Hostile asylum policies make tragedy inevitable

Former surety for Kent Refugee Help, Rod Edmund, wrote this letter to the Guardian after the government’s reaction to the deaths in the Channel.

Boris Johnson describes himself as appalled at Wednesday’s Channel tragedy (Tragedy at sea claims dozens of lives in deadliest day of Channel crisis, 25 November), and is elsewhere reported as accusing France of letting human traffickers “get away with murder”, but it’s the asylum policy of his and previous governments that has created the conditions in which trafficking can flourish and tragedies such as this can occur.

There are no options other than “irregular” ones by which asylum seekers can now enter this country. The Home Office requires physical arrival in the United Kingdom before an asylum application can be lodged.

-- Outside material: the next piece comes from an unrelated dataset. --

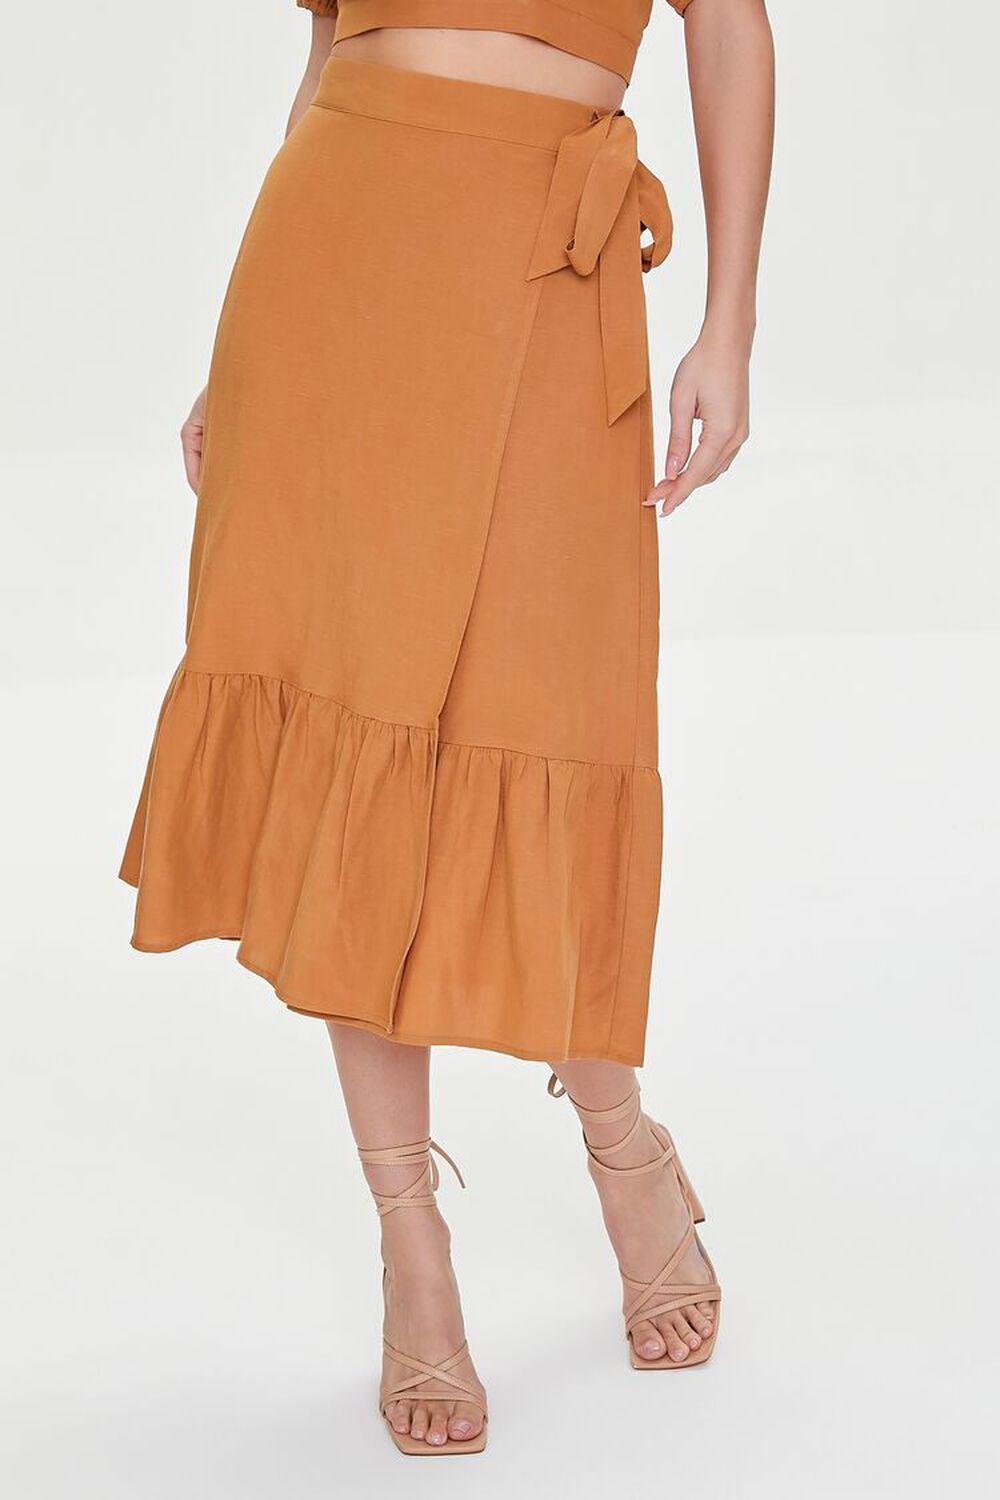 Linen Flounce Midi Skirt, image 2

Its current nationality and borders bill, by criminalising all means of entry other than official ones that are impossible to access, is clearly intended to bring an end to finding asylum in this country. It won’t, however, bring an end to the displaced making their desperate attempts to reach our shores.

The government’s outrage at Channel trafficking is entirely cynical. Its vaunted policy of pushback hardly suggests that the safety and welfare of asylum seekers are of any concern to the Home Office. On the contrary, pushback – reverse-trafficking in other words – will result in the Channel becoming even more like the Mediterranean.